AI Safety and Agent Defense Mechanisms | Undergraduate Research Opportunities Program

Project Description

This project advances AI Safety by building and evaluating safety-aware AI agents robust to real-world social engineering (SE) attacks (e.g., pretexting, credential phishing, emotional manipulation, and targeted deception). We move beyond simplistic "jailbreaking" to simulate high-fidelity, human-like SE scenarios where AI agents interact with dynamic, adversarial social contexts. The work includes: (1) curating/annotating realistic SE attack datasets; (2) designing safety alignment mechanisms to help agents detect, resist, and report manipulation; (3) rigorous red-teaming to measure failure modes; and (4) validating defenses in interactive, scenario-based environments. Outcomes will improve AI trustworthiness in high-stakes human-AI interaction systems.

Supervisor

FUNG, May

Quota

2

Course type

UROP1000

UROP1100

UROP2100

UROP3100

UROP3200

UROP4100

Applicant's Roles

- Assist in designing and annotating realistic social engineering attack scenarios and datasets.
- Support development, testing, and prompt engineering of safety-aware AI agents.
- Conduct red-teaming experiments to probe agent vulnerabilities to social manipulation.
- Collect, clean, and analyze experimental results; document findings and safety failures.
- Collaborate in team meetings, literature review of AI safety, alignment, and SE research.

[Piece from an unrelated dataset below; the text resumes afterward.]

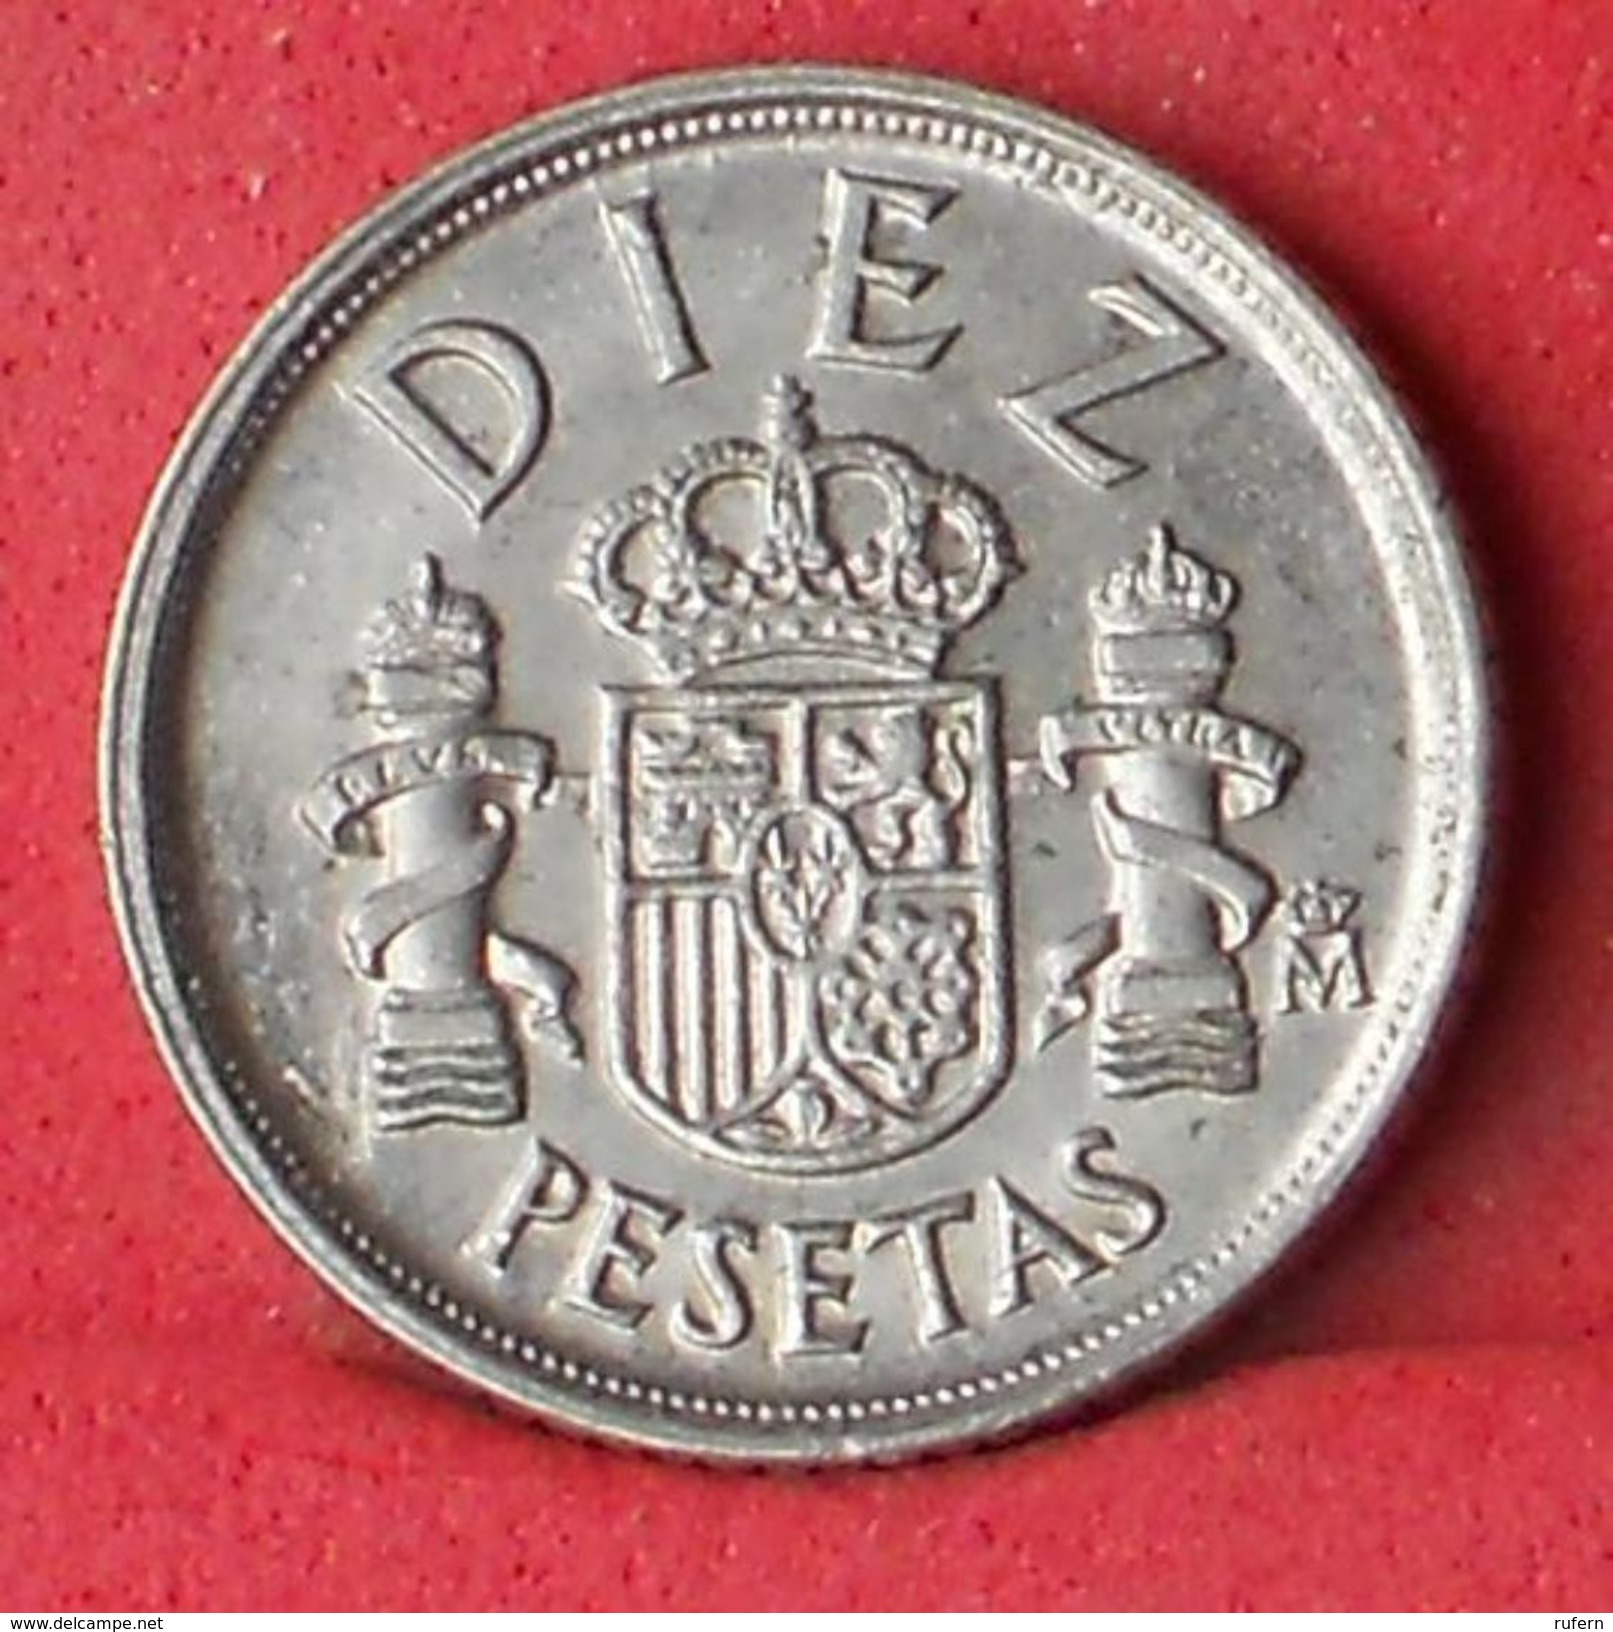 SPAIN 10 PESETAS 1984 - KM# 827 - (Nº18505) - 10 Pesetas
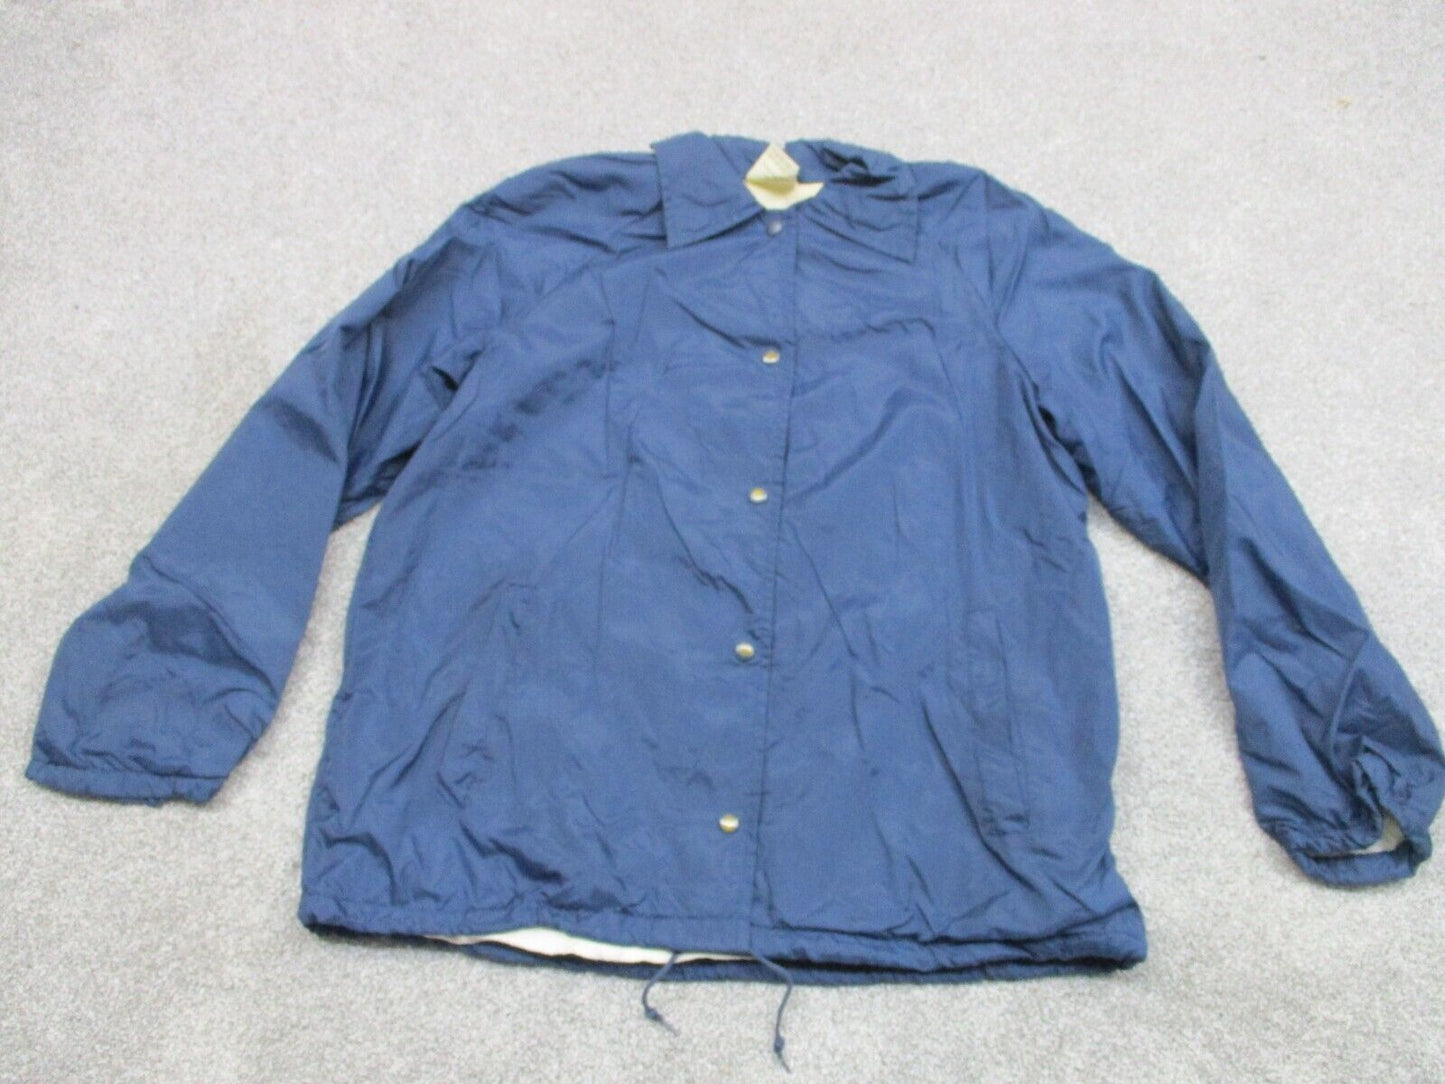 Sears Men's Full Zip Up Windbreaker Track Jacket Long Sleeves Navy Blue Size L

Applicant's Learning Objectives

- Gain foundational knowledge in AI Safety, alignment, robustness, and human-AI security.
- Understand social engineering tactics and how they exploit AI systems.
- Learn to build, test, and red-team AI agents in realistic adversarial environments.
- Develop skills in data curation, experimental design, and ethical AI evaluation.
- Contribute to publishable research and understand the UROP research workflow.

Complexity of the project

Challenging